Terminbericht des BSG Nr. 9/22 zum Elterngeldrecht und Rechtsschutz bei überlangen Gerichtsverfahren

 

Der 10. Senat des BSG berichtet über seine Sitzung vom 24.03.2022 aus den Bereichen des Elterngeldrechts und des Rechtsschutzes bei überlangen Gerichtsverfahren.

1) B 10 EG 1/20 R
Sozialgericht Hamburg - S 31 EG 11/17, 21.08.2018
Landessozialgericht Hamburg - L 2 EG 3/18, 27.03.2019

Die Klägerin begehrt als ehemalige Entwicklungshelferin höheres Elterngeld auf der Grundlage eines fiktiven anstatt ihres tatsächlichen Einkommens entsprechend den Regelungen für das Arbeitslosengeld ehemaliger Entwicklungshelfer.

Die Beklagte und die Vorinstanzen haben den geltend gemachten Anspruch verneint. Das Elterngeld sei nach dem steuerrechtlich zu bestimmenden Einkommen aus Erwerbstätigkeit zu bemessen, im Fall der Klägerin nach dem vor der Geburt ihres Kindes bezogenen steuerpflichtigen Unterhaltsgeld für Entwicklungshelfer.

Mit ihrer Revision rügt die Klägerin eine Verletzung materiellen Rechts. Sie habe ihren Dienst als Entwicklungshelferin nicht in Erwerbsabsicht geleistet. Deshalb dürfe das dafür gezahlte Unterhaltsgeld nicht als Bemessungsgrundlage für ihr Elterngeld herangezogen werden. In ihrem Fall wiesen die Vorschriften des BEEG über die Einkommensermittlung vielmehr eine Regelungslücke auf. Diese sei zur Vermeidung eines Verstoßes gegen das GG durch die entsprechende Anwendung der Berechnungsvorschriften für das Arbeitslosengeld von Entwicklungshelfern zu schließen. Danach müsse ein höheres fiktives Einkommen entsprechend der von ihr durch mehrere Hochschulabschlüsse nachgewiesenen beruflichen Qualifikation herangezogen werden.

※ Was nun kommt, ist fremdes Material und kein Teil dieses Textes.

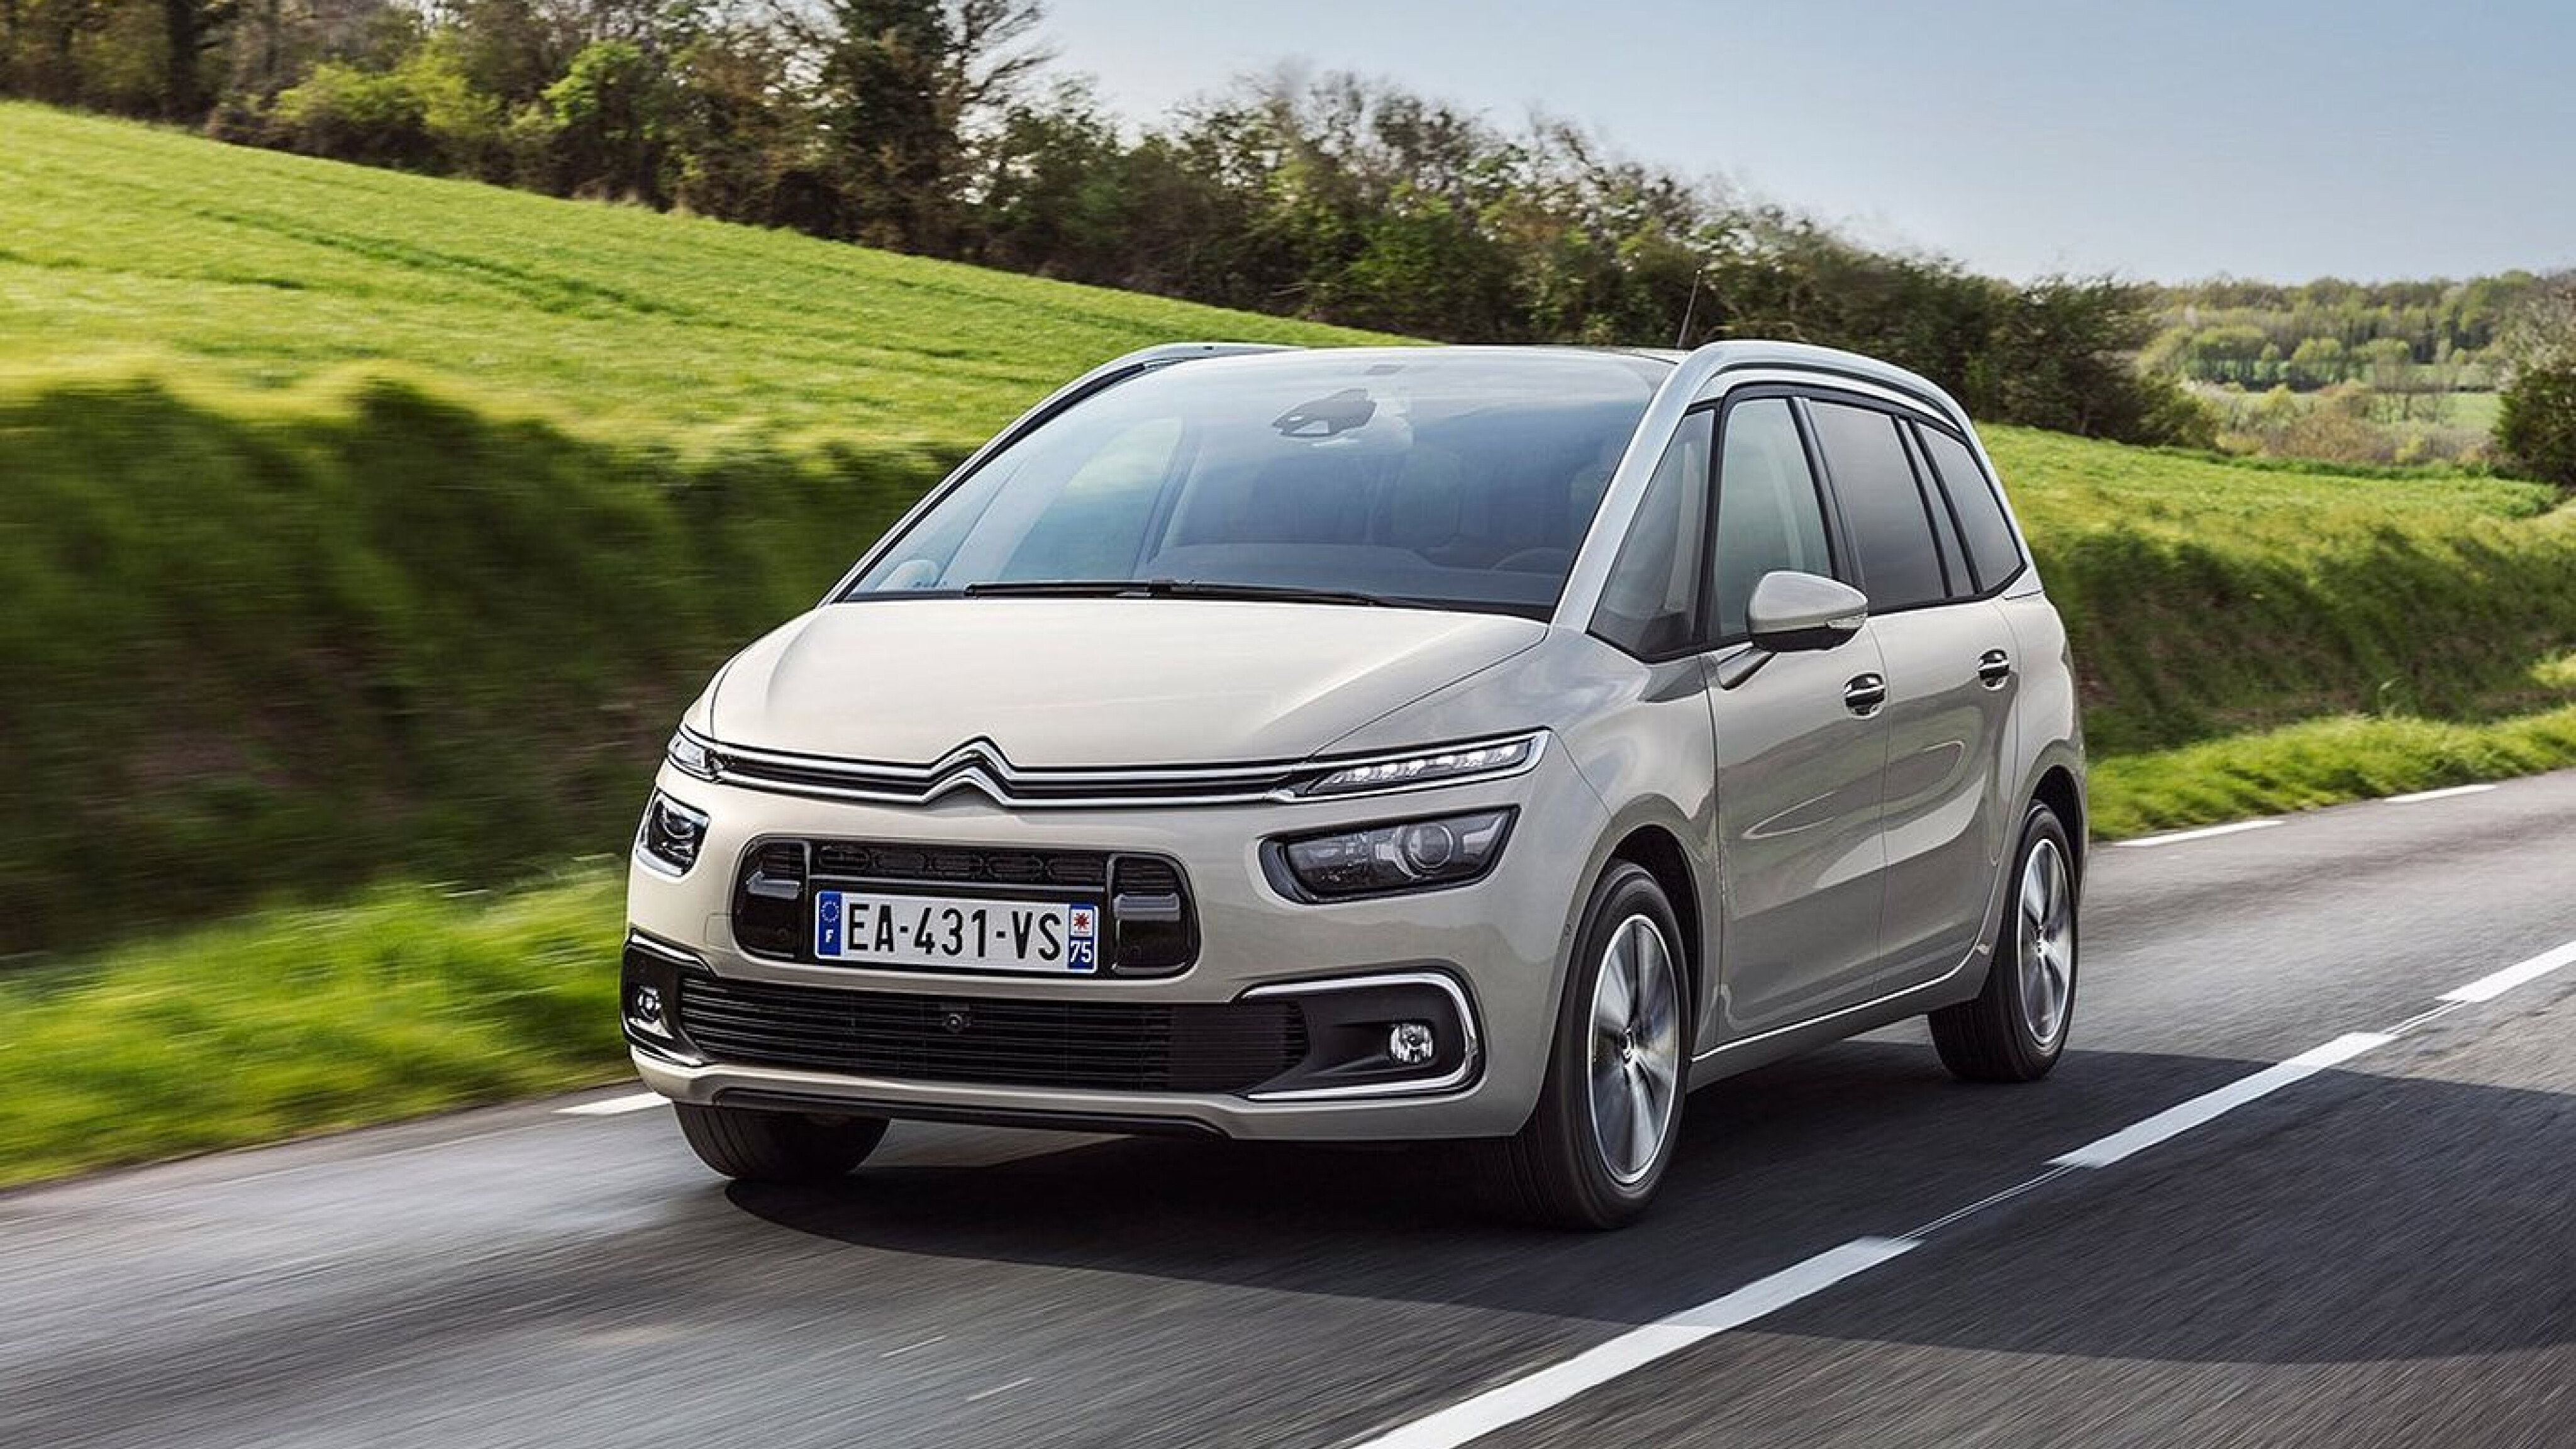 2018 Citroen Grand C4 Picasso pricing and features revealed

Die Revision der Klägerin war erfolglos.

Die Klägerin hat keinen Anspruch auf höheres Elterngeld. Zu Recht wurde dieses nach dem von ihr zuletzt vor der Geburt ihres Kindes bezogenen Unterhaltsgeld für Entwicklungshelfer berechnet. Eine Berechnung unter Zugrundelegung eines fiktiven Einkommens in entsprechender Anwendung der Berechnungsvorschriften für das Arbeitslosengeld von Entwicklungshelfern kann sie nicht beanspruchen. Der Elterngeldanspruch für Entwicklungshelfer im BEEG weist schon keine planwidrige Unvollständigkeit auf. Der Gesetzgeber hat - in Modifikation des sozialrechtlichen Territorialitätsgrundsatzes - ausdrücklich einen Elterngeldanspruch für Entwicklungshelfer geregelt, die sich während des Elterngeldbezugs im Ausland aufhalten (§ 1 Abs 2 Satz 1 Nr 2 BEEG). Für dessen Bemessung hat er dagegen keine besonderen, vom Normalfall des Elterngelds abweichenden Modalitäten geschaffen. Ein fiktives Einkommen als Bemessungsgrundlage für den Elterngeldanspruch sieht das Gesetz an keiner Stelle vor. Die Bemessung des Elterngelds der Klägerin auf der Grundlage ihres tatsächlichen steuerpflichtigen Einkommens aus ihrem Dienst als Entwicklungshelferin vor der Geburt ihres Kindes verstößt nicht gegen das Grundgesetz.

2) B 10 ÜG 4/21 R
Schleswig-Holsteinisches Landessozialgericht - L 12 SF 75/18 EK, 19.03.2021

Der Kläger begehrt eine Entschädigung für immaterielle Nachteile wegen überlanger Dauer eines vor dem Schleswig-Holsteinischen LSG geführten Berufungsverfahrens. Das Ausgangsverfahren vor dem SG, mit dem der Kläger von einer Berufsgenossenschaft Leistungen zur Teilhabe am Arbeitsleben begehrte, begann mit der Klageerhebung im September 2012 und endete durch klageabweisendes Urteil im Februar 2014. Hiergegen erhob der Kläger im März 2014 Berufung. Nach der im Juni 2017 verfügten Ladung zum Termin im November 2017 wies das LSG die Berufung zurück. Das Urteil wurde im Februar 2018 zugestellt.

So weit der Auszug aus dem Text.